Climate Change Nonfiction and Fiction

I finally finished the climate change book I was reading (see previous post for review). And at the end of it I was simultaneously reading Neil Stephenson's new book, Termination Shock (2021), set in a near future where we have done business as usual and one man has decided to inject sulfur into the stratosphere (as described in the other book I'm reading).

The book starts off depressing because it's crazy hot but people are still being morons by using as much gas as possible. But then we get to meet several interesting characters. In this book a spoiler is that three of the four main characters get a new job and one keeps their current one. Well, it's a semi-spoiler because you still get to guess which is which.

Reading this book, you can also learn a little more about Texas geography, the Dutch monarchy, people with multiple racial/ethnic backgrounds, drones, mining, Papua New Guinea, welding, gatka (a martial art popular in the Punjab region of India), the border between China and India, falconry (with golden eagles), and Commanches. And this book is set in modern times where everyone has a smartphone and it never has to be broken for the plot to work. Well, okay, once, but it was a weapon that took out all kinds of things.

The pacing was varied. I enjoyed the start--get one person's story, then another person's story, then they intersect. The next third of the book is a bit slow. Then we get another exciting story. And then the dreaded "Eight Months Later." So first I complain about it going too slow, then too fast. Then we get several more stories. And then there is a semi-satisfying ending. I want to know more, but maybe not enough to want a sequel. I like most of the characters. But there are a lot of disturbing things about how people react to things. I liked it but I don't love it.

It was weird to be reading this at the same time as Douglas Adams's Mostly Harmless because this book starts with a jet practically in space and with wild pigs taking over the landscape and the world is depressing after climate change and the other starts with an earth that still exists but is overrun by wild pigs and is depressing. The scene with the Chinese operative was also surreal in that context. Then it was weird to read it at the same time as Adams's Dirk Gently book, which also features golden eagles.
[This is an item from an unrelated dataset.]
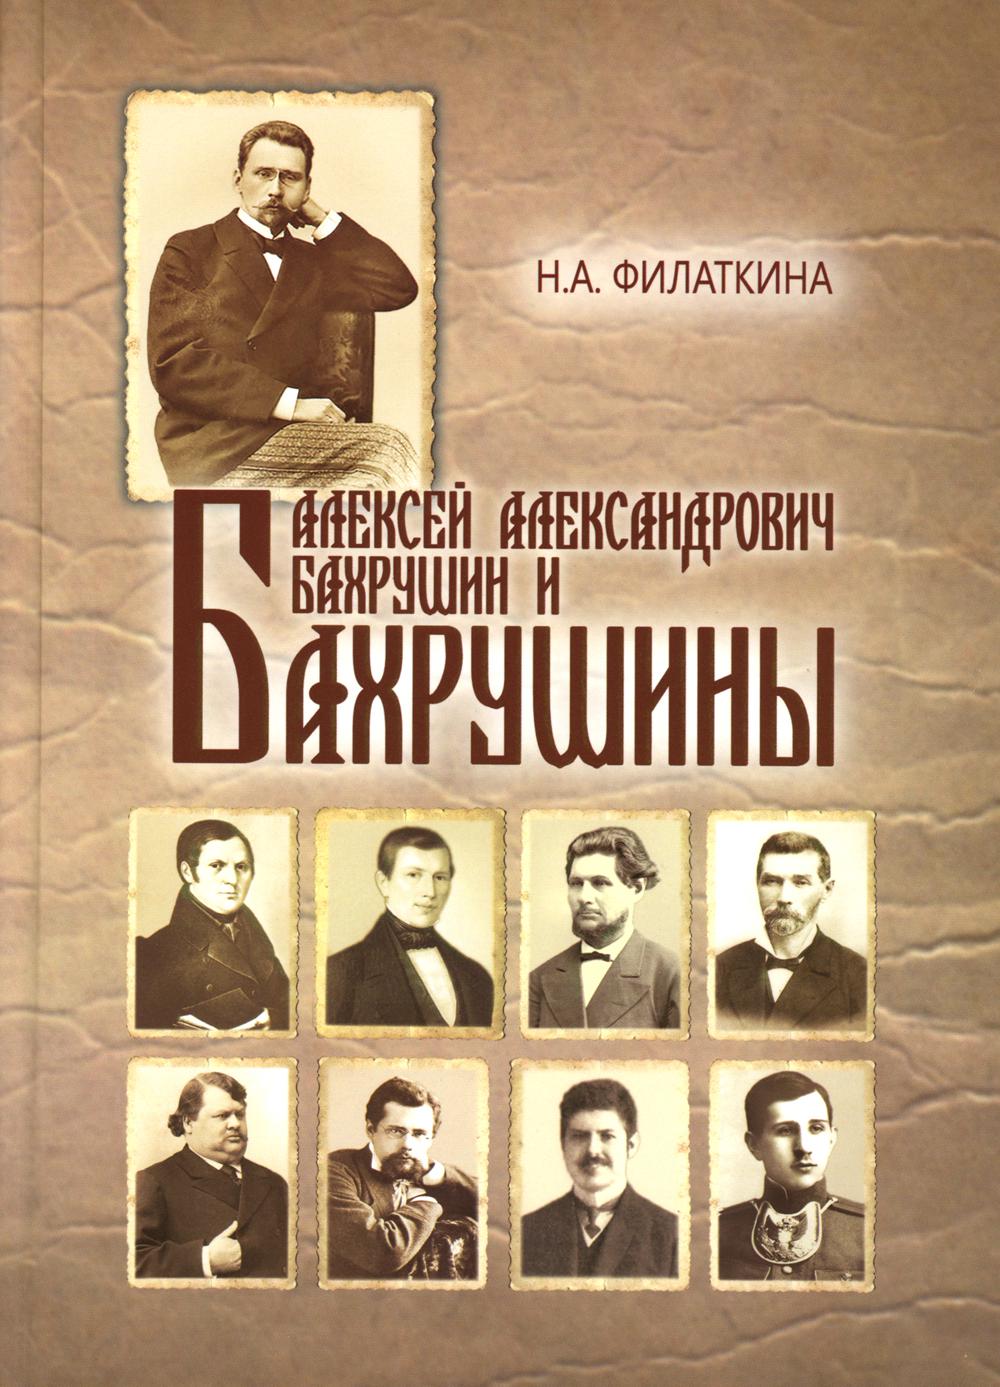 Алексей Александрович Бахрушин и Бахрушины

(Why am I reading so many books at the same time? I'm generally in the middle of three books: one I can read on my iPad in bed at night, one I want to take notes on, and one I can just read in the daylight without needing to take notes.)

Trevor Noah

I also learned that Trevor Noah has a new podcast on Spotify called "Now What?" So I need to look into Spotify.

Reading Challenge Complete

I've finished my library's reading challenge for this year, reading at least one book in each of at least ten categores. And I got a pin for it! But my personal goal is to read at least 3 books in each of all 12 categories, after which I'll give you a summary of what I read.